SM Supermalls pivots to experience-led retail with $2.6b national rollout | Asian Business Review
, Philippines
Steven Tan, SM Supermalls President

SM Supermalls pivots to experience-led retail with $2.6b national rollout

The group plans to open one flagship mall each year.

SM Supermalls is committing $2.6b (P150b) to upgrade and expand its Philippine portfolio through 2030, betting that bigger, experience-led centres and digital systems would lift traffic and tenant sales despite uneven consumer spending.

“Change is inevitable, and that’s what makes retail exciting,” Steven Tan, president at SM Supermalls, told Retail Asia in an interview. He recalled that SM’s first mall, SM North EDSA in Quezon City, opened in the 1980s as a purely utilitarian shopping venue.

That same mall is set for a $104.2m (P6b) upgrade as part of a programme that covers redevelopment of key assets and a steady pipeline of openings.

SM Megamall in Mandaluyong will get about $121.5m (P7b) for works that include a 20,000-square-metre expansion, a four-level basement car park with more than 1,600 slots, additional cinemas, a revamped Megatrade Hall and a redesigned food court.

New projects include SM Nuvali in Santa Rosa, Laguna province and SM Harrison Plaza in Manila.

The group plans to open one flagship mall each year, alongside regional and provincial centres, targeting 115 malls by 2030, Tan said.

Four to five other malls are slated to open annually. Site selection is based on catchment size, spending power and land availability, with a growing focus outside Metro Manila, he said.

The capital outlay comes as Singapore and other regional markets compete for listings and capital, but SM is concentrating on domestic scale.

Last year, parent company SM Prime Holdings, Inc. posted net income of $847m (P48.8b), up 7% from a year earlier. The mall segment accounted for 60% of revenue at $1.5b (P85.1b). Management cited higher commercial property revenue and cost discipline.

Within the portfolio, the tenant mix is shifting. Food now takes up roughly 30% of mall space, reflecting demand for dining and leisure over discretionary retail.

The company is redesigning layouts to widen corridors and introduce more open areas. At SM Nuvali, a one-hectare, air-conditioned indoor park is under construction.

Megamall’s “Crystal Islands” concept will add natural light and organic forms.

Tan said the aim is to raise dwell time and repeat visits rather than chase headline footfall targets. He declined to provide projections for traffic or tenant sales.

Digital spending is part of the plan, though the group frames it as operational rather than experimental. Systems under rollout include smart parking, app-based promotions, artificial intelligence for customer service, and data tools to manage utilities.

Sustainability features in the redevelopment pipeline include a 500-cubic-metre rainwater harvesting system, ETFE (ethylene tetrafluoroethylene) roofing, LED lighting and sensor-activated escalators, with solar panels under study at selected sites.

The investment cycle follows a period of recovery for brick-and-mortar retail after pandemic disruptions accelerated online shopping.

Tan said malls and e-commerce are complementary, with retailers expected to operate across both channels.

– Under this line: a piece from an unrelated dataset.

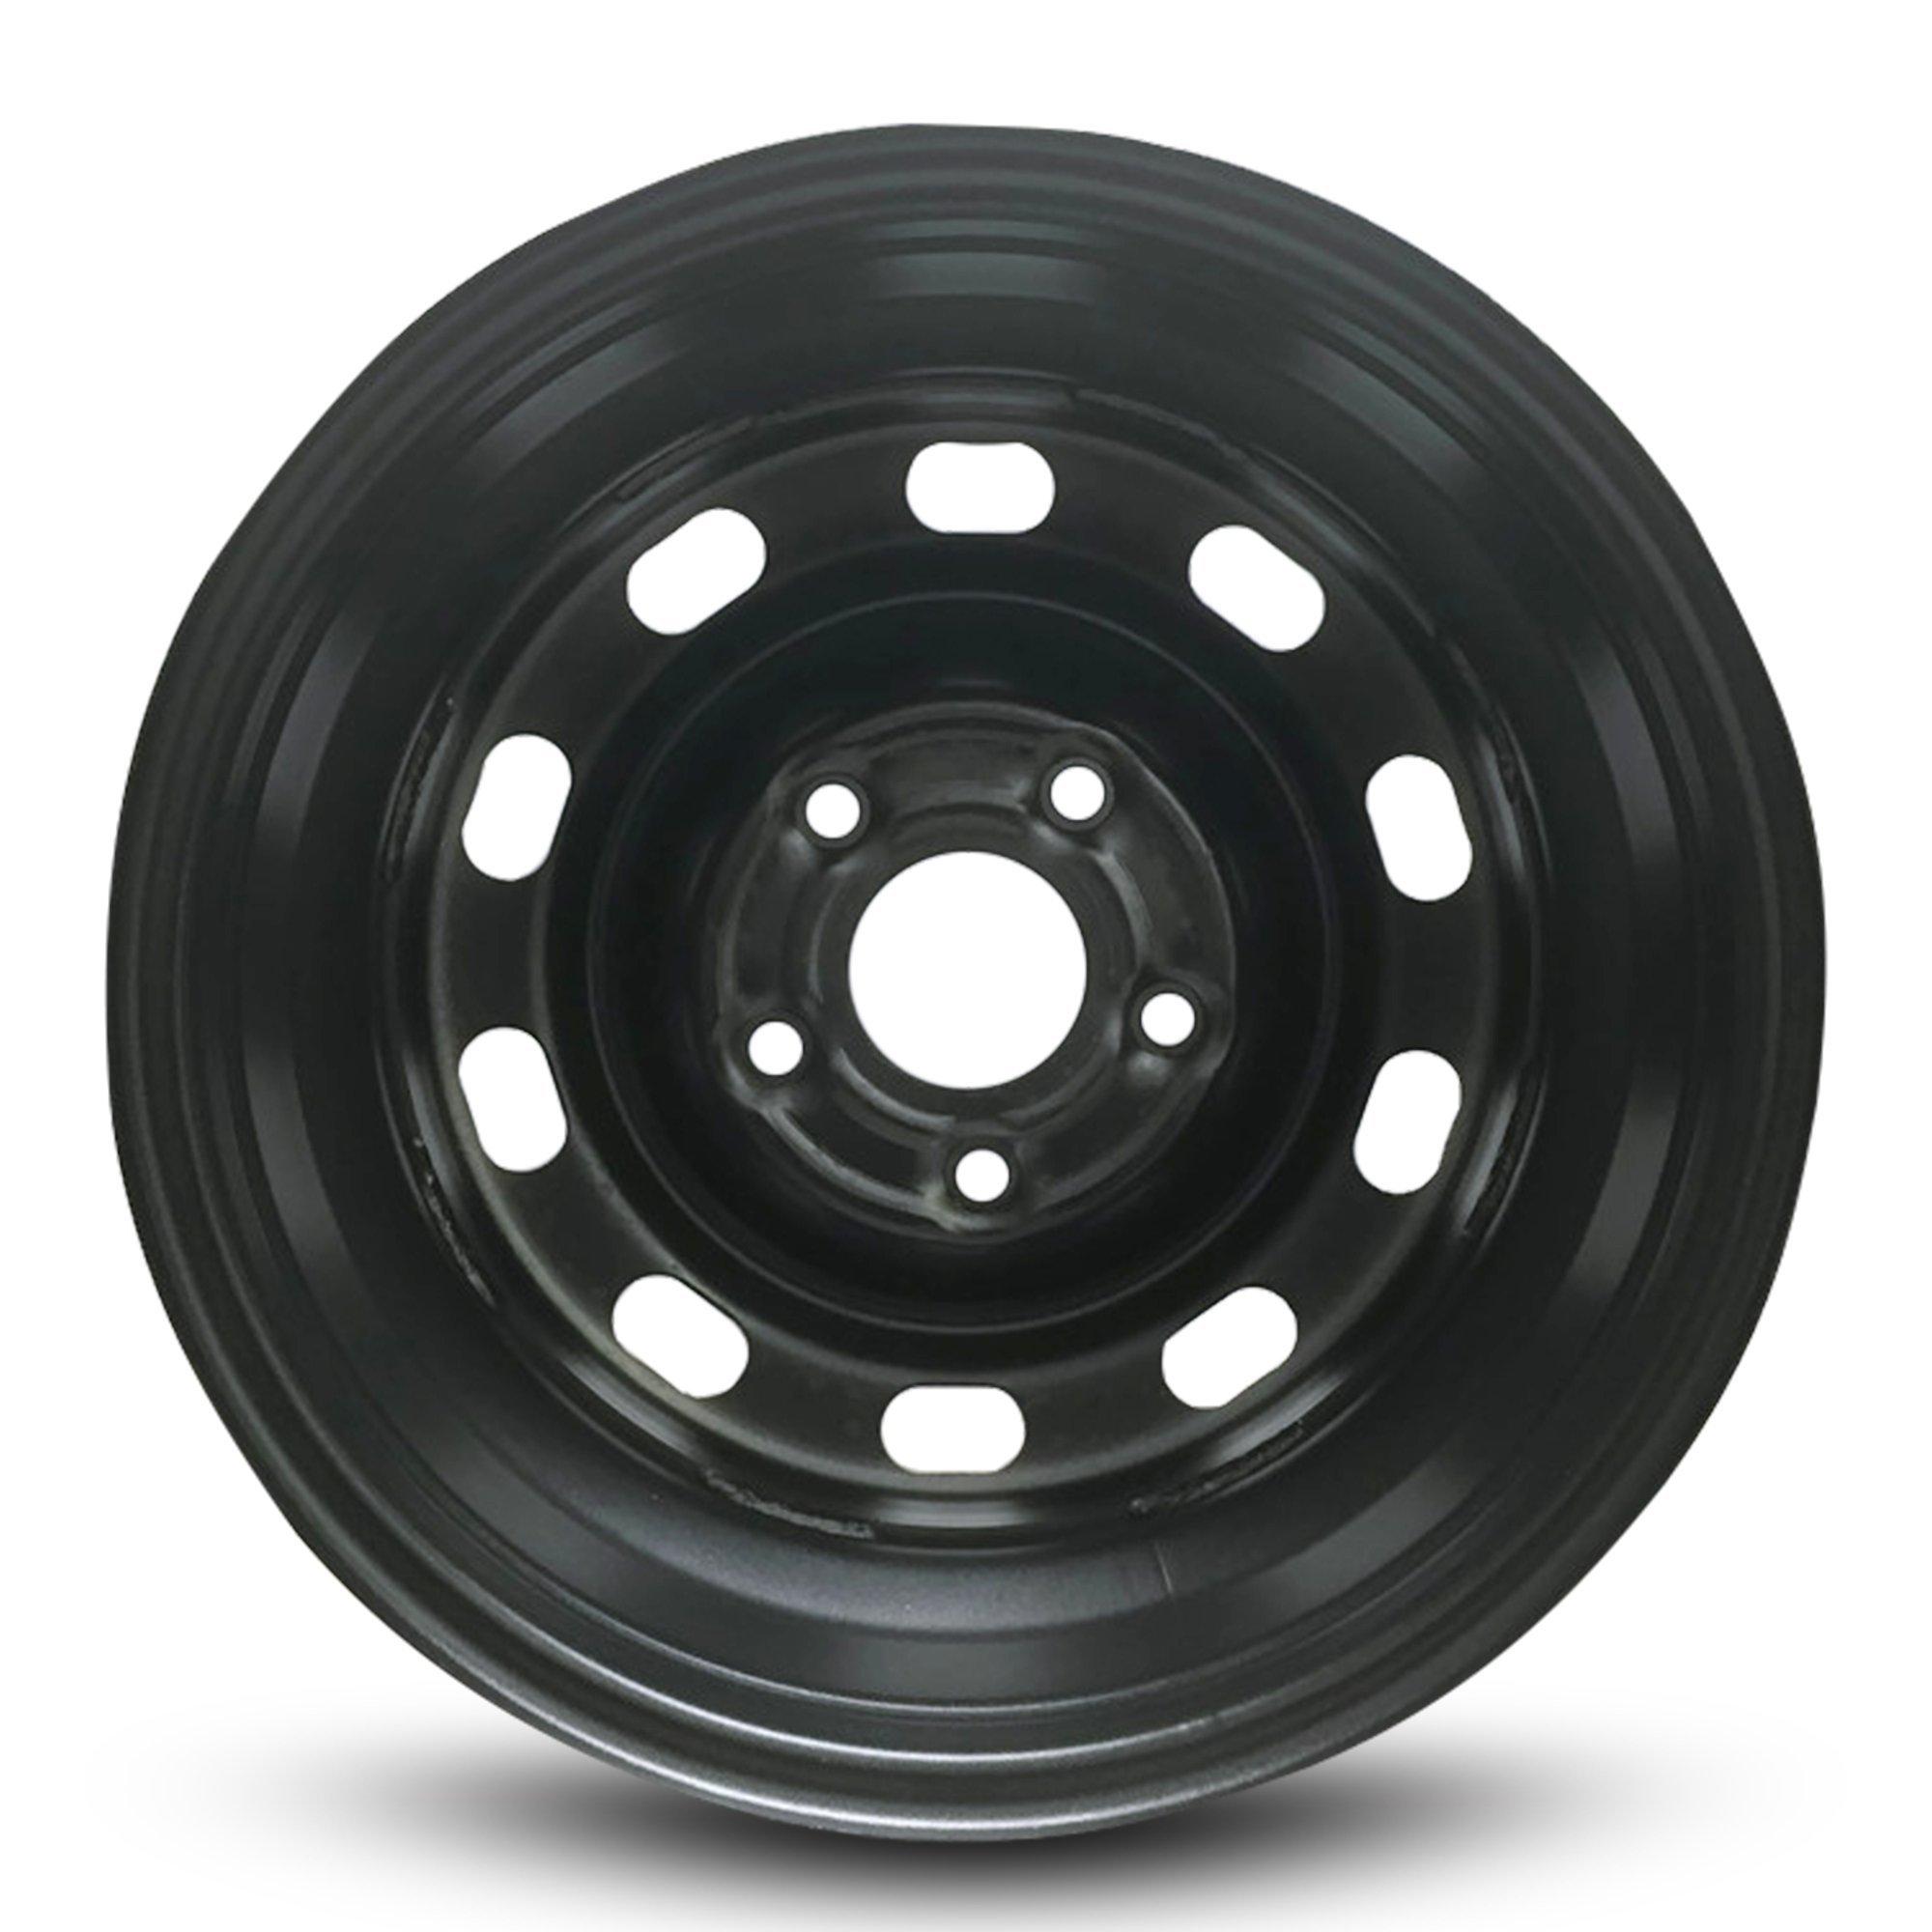 Dodge Ram 1500 Truck 17 Inch 5 Lug Steel Rim/17x7 5-139.7 Steel Wheel by Road Ready Wheels (Image #3)

He argued that physical stores remain central for brands seeking scale in the Philippines, where logistics costs and last-mile delivery constraints can limit pure online models.

Financing details were not disclosed, though SM Prime has historically relied on a mix of operating cash flow and debt.

The group’s balance sheet has allowed it to expand during downturns, including after the Asian financial crisis and the global financial crisis, Tan said.

“We have always believed in the Philippines, and we will continue to invest in the Philippines over the next five years,” he added.

Risks remain. Consumer sentiment is sensitive to inflation and interest rates, and provincial expansion can dilute returns if catchment estimates prove optimistic. Construction costs and project timelines also pose execution challenges, particularly for complex redevelopments of operating malls.

Still, SM is proceeding with its biggest capital programme in years, positioning its malls as mixed-use anchors in growth corridors.

Whether the P150-billion spending translates into faster rental growth and higher margins will depend on tenant demand and the pace of household spending through the next cycle.